I don’t know how I feel about all of this but putting my thoughts into words has helped. This year has been so busy and so emotionally chaotic that I feel like I haven’t had the time or brain space to even start processing it all. In regards to the show, I don’t know whether I’ll watch the next series. Right now just the thought of it is upsetting. Nicola Walker said in an interview that “Cassie’s death wasn’t for effect; [Chris Lang, writer of Unforgotten] is going somewhere with that conversation about grief,” and while I think these are important conversations to have, I’m not sure if I have the emotional bandwidth for a fictional one when I’m already trying to manage my own very real one. I don’t know. But I really don’t want to go through this again if I can avoid it.

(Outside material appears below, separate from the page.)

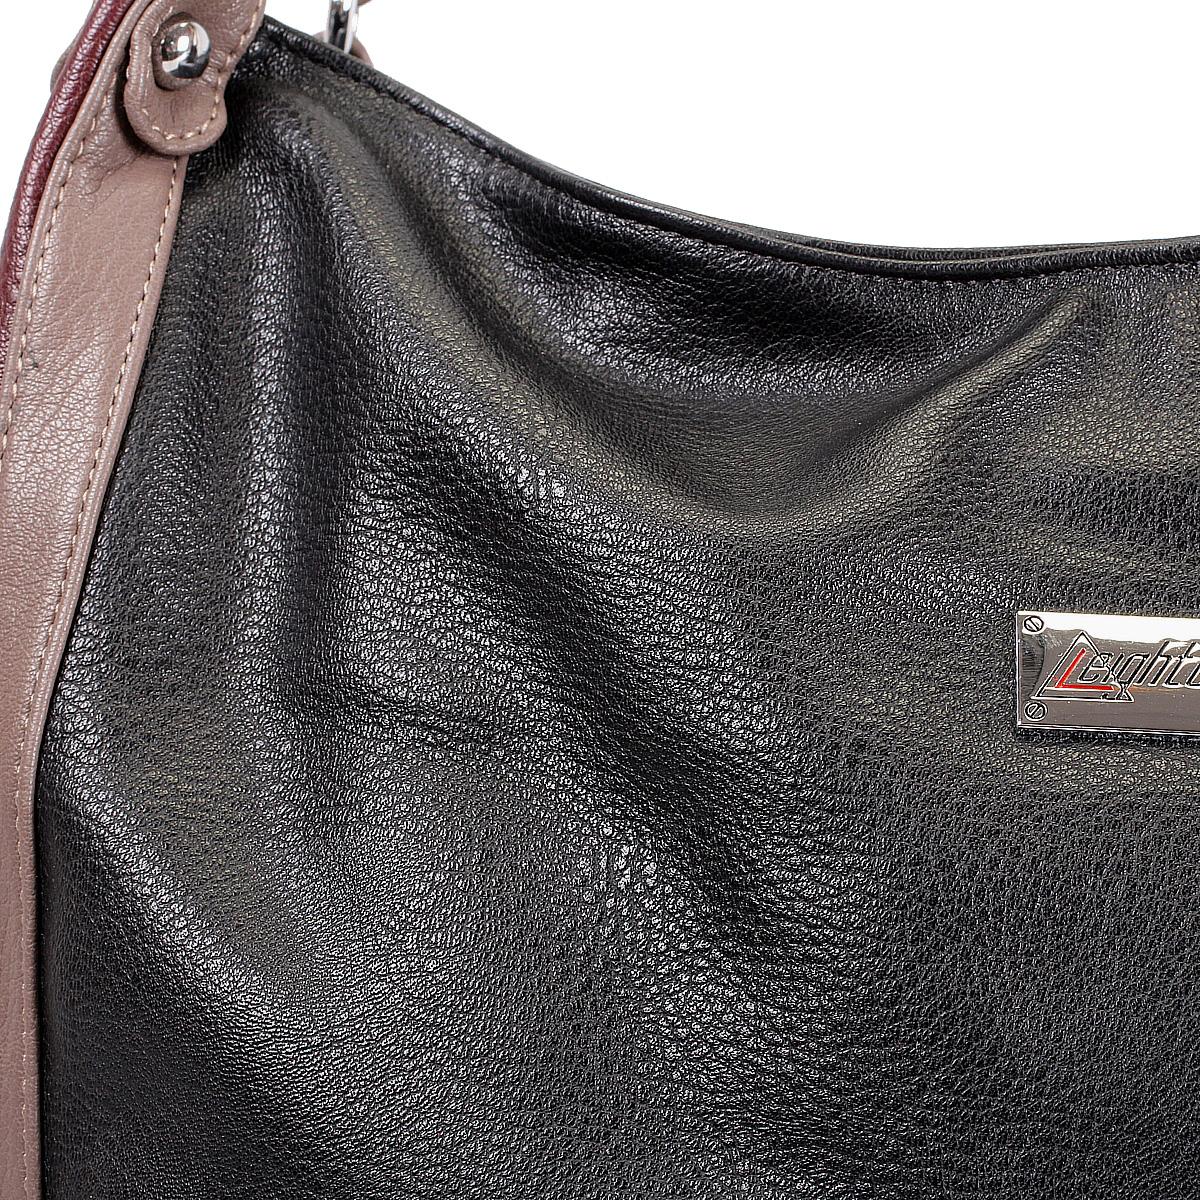 Сумка женская Leighton, цвет: черный, бордовый, светло-коричневый. 76602-149/149/3/149/8 ( 76602-149/149/3/149/8 )

“Cassie’s fate may have caught viewers by surprise, but it was something Walker had discussed with the show’s creator and writer, Chris Lang. ‘We were talking from the beginning, really, about what he was doing with this character and this story he wanted to tell,’ Walker told TV Insider. ‘Chris and I were always interested in looking at the cost of being involved with these sorts of cases that we all love watching on television. Cassie does not have superpowers. She’s an ordinary person who’s really good at her job, and it took her to the place of having an emotional breakdown… We talked a lot after Season 3 about where it was going to go, and it was a joint decision,’ she adds. ‘I think the clues were there in Season 3. The title of the show is Unforgotten and I think there’s a great deal of narrative beauty to this woman. She’s not going to be forgotten. I felt like she was quietly very unusual on television because she was a real person.'” (x)

I keep coming back to this quote. I agree with it, with what she says about Cassie, but I still don’t understand why Cassie had to die, why she had to die in a shocking, brutal way. Maybe I never will. Most of all, I’m sad. I’m sad that a show I loved will forever be entwined with distress and painful memories.